» Exercise brief
Transcribe each line of the material as it is, and drop any picture.

» Supplied information
★ ★ ★
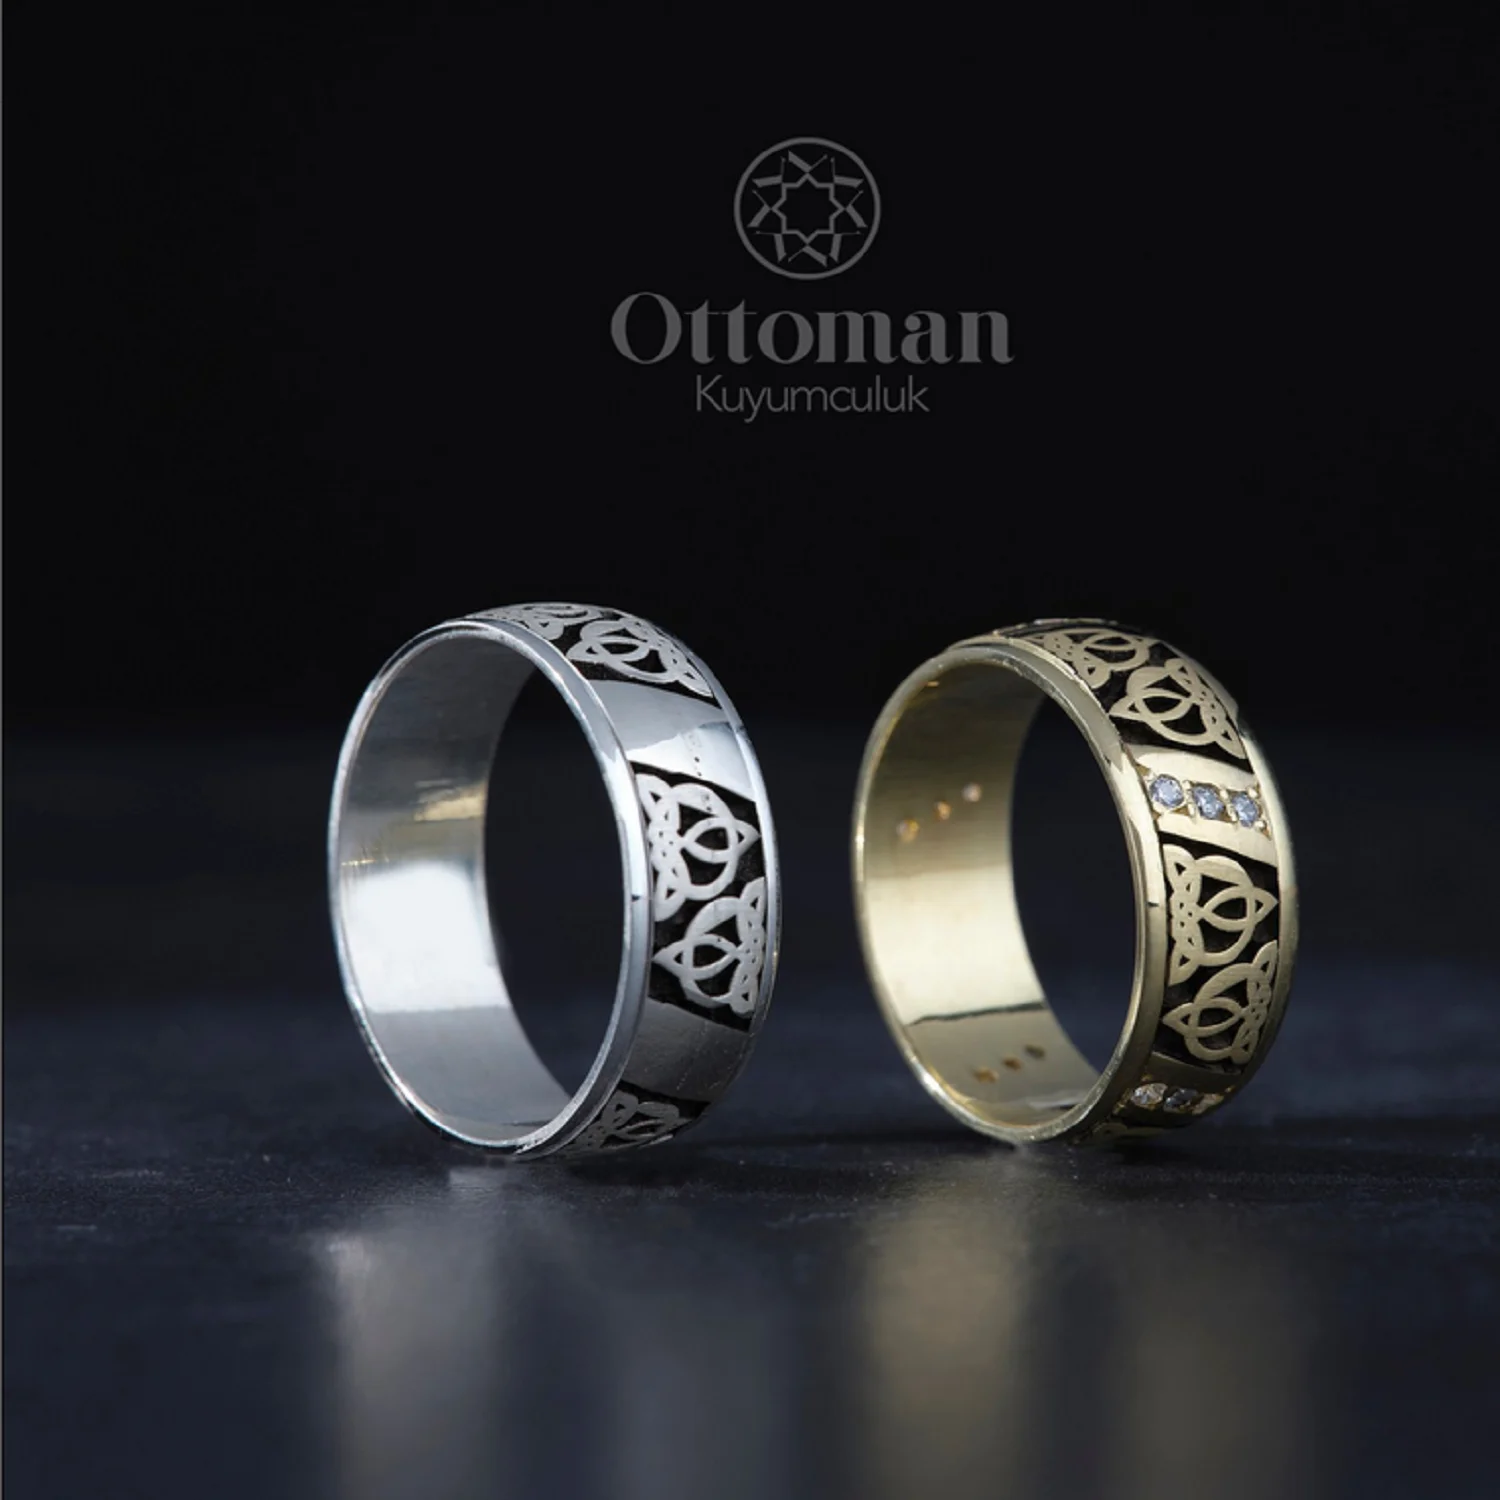 Ottoman Silver Men's and Women's Wedding and Engagement Rings are Handcrafted in Turkey and Embellished with White Zircon Stones
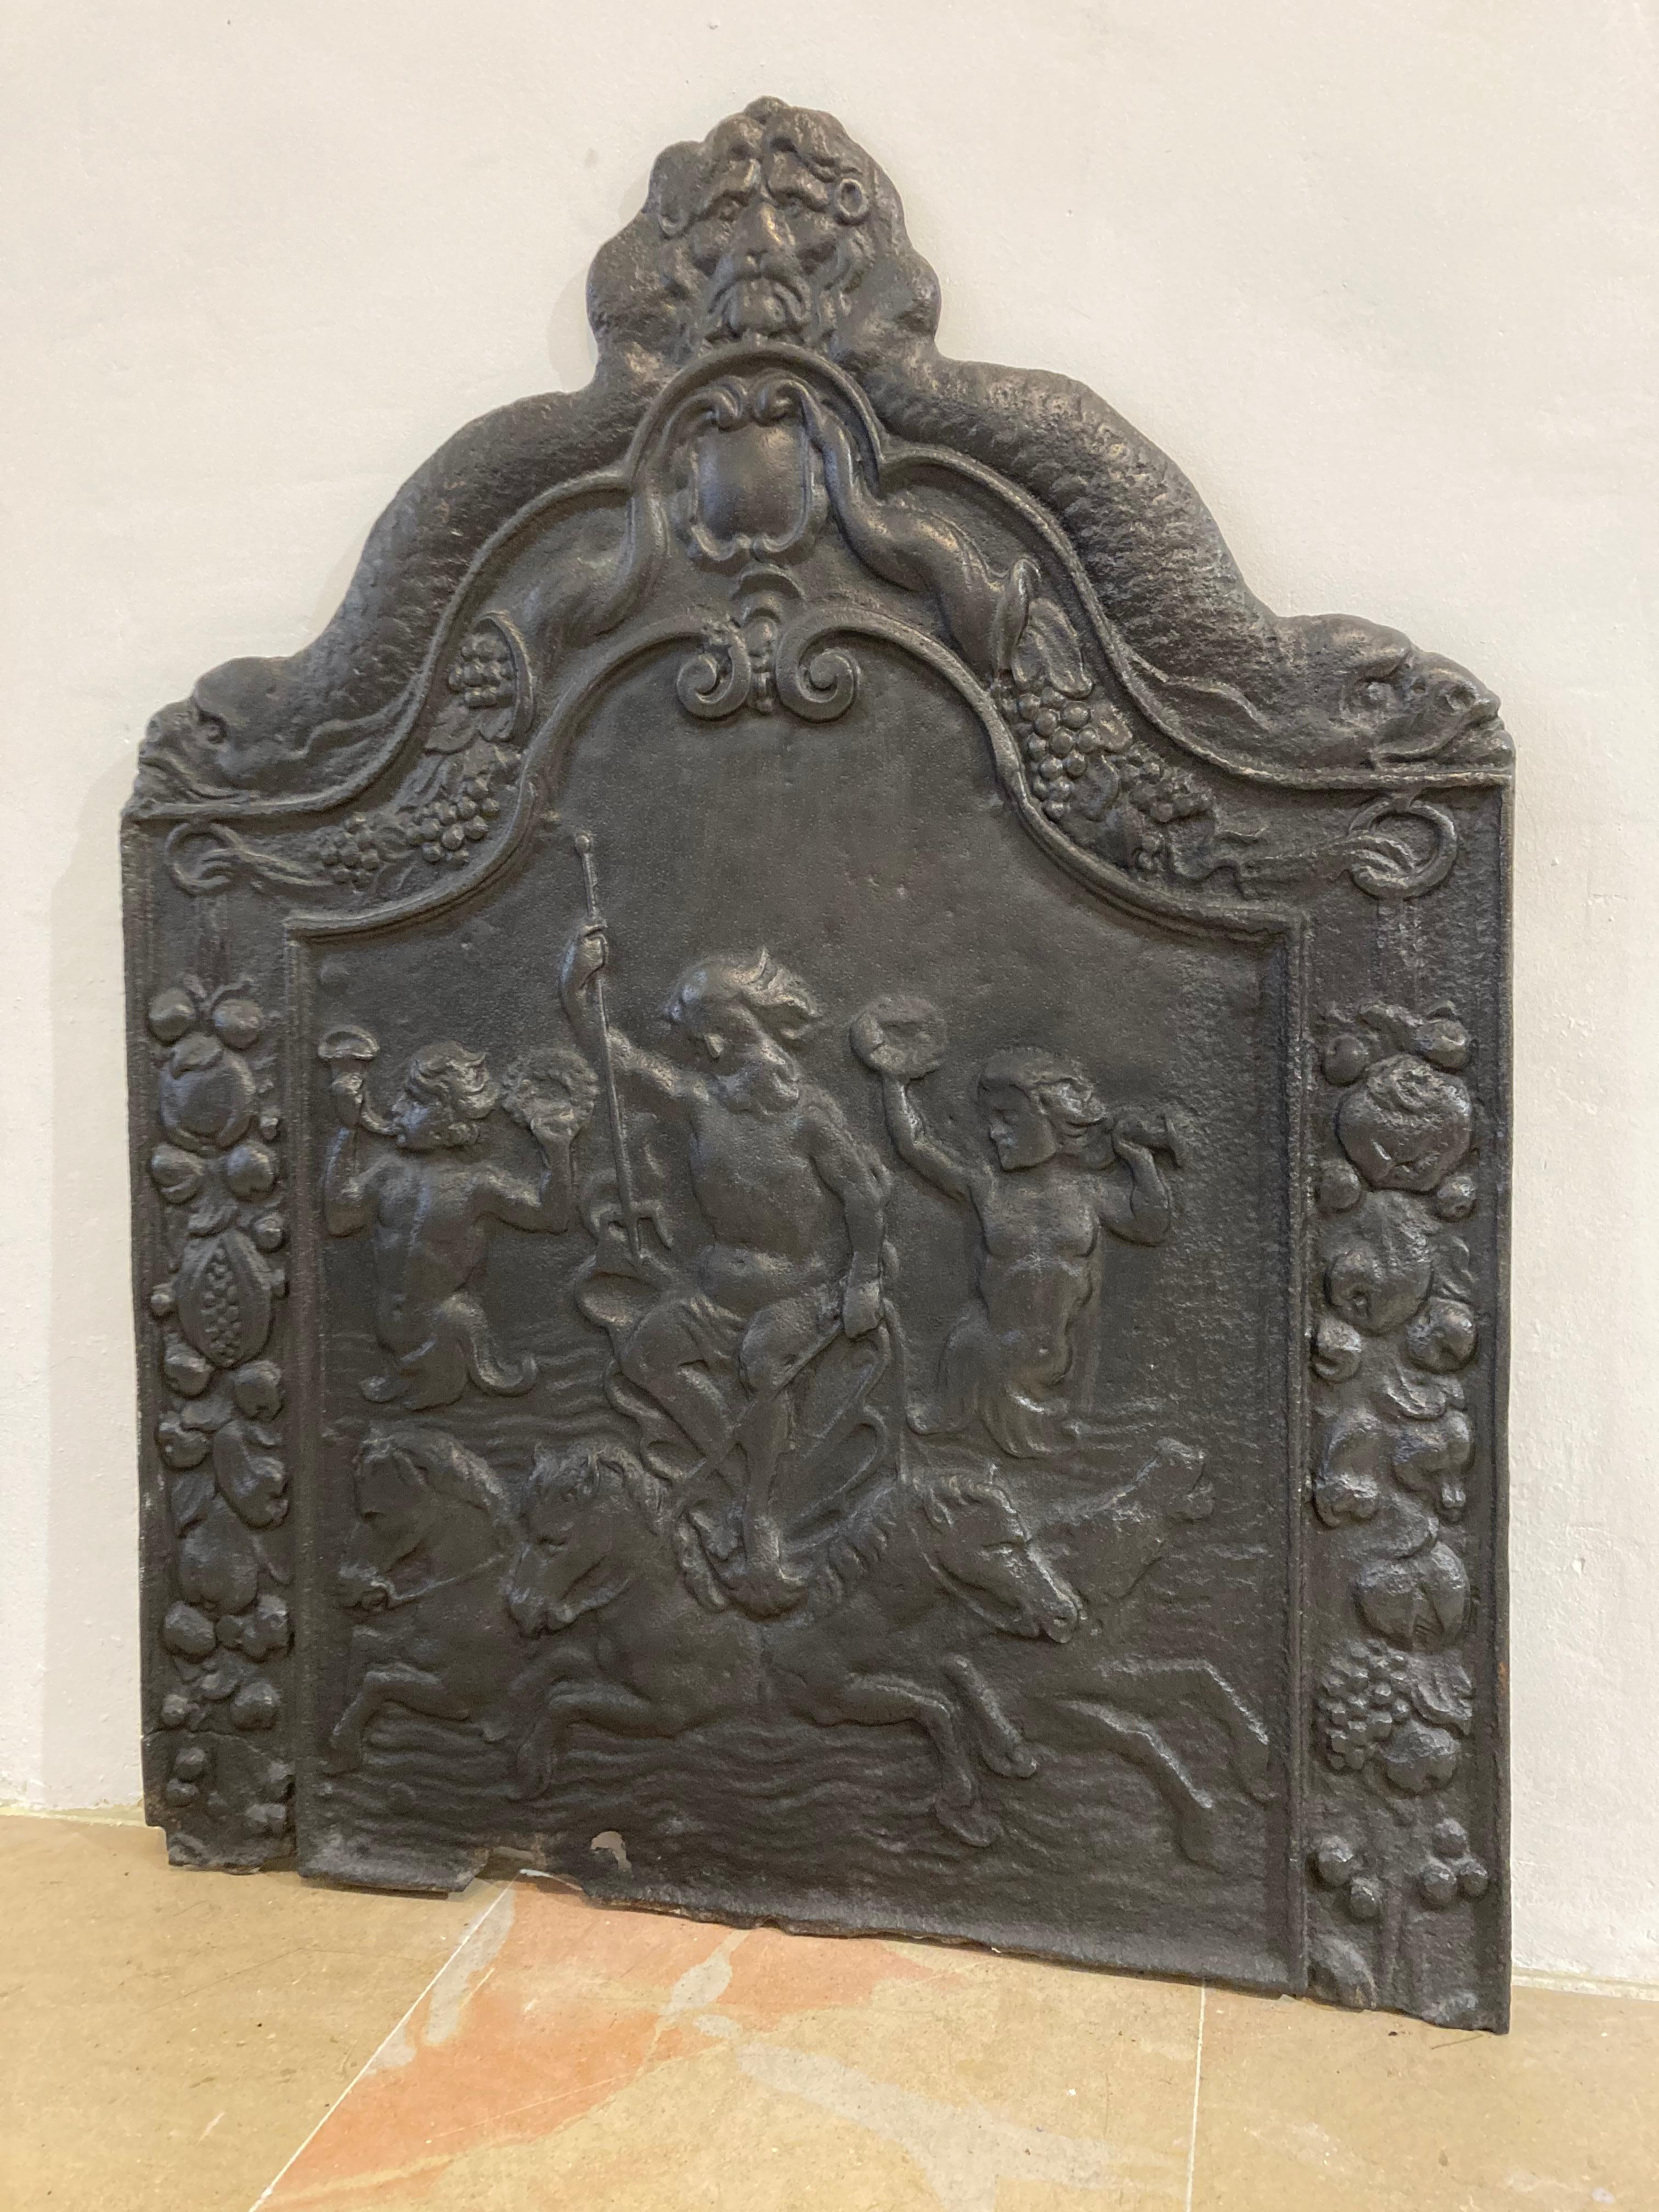 Lovely tall and decorative fireback with a depiction of Poseidon holding trident, the sea, four horses and cherubs holding trumpet.

Bottom is rough and has a repair, overall great looking and impressive piece.
★ ★ ★
» Output for this exercise
 Ottoman Silver Men's and Women's Wedding and Engagement Rings are Handcrafted in Turkey and Embellished with White Zircon Stones
 Lovely tall and decorative fireback with a depiction of Poseidon holding trident, the sea, four horses and cherubs holding trumpet.

Bottom is rough and has a repair, overall great looking and impressive piece.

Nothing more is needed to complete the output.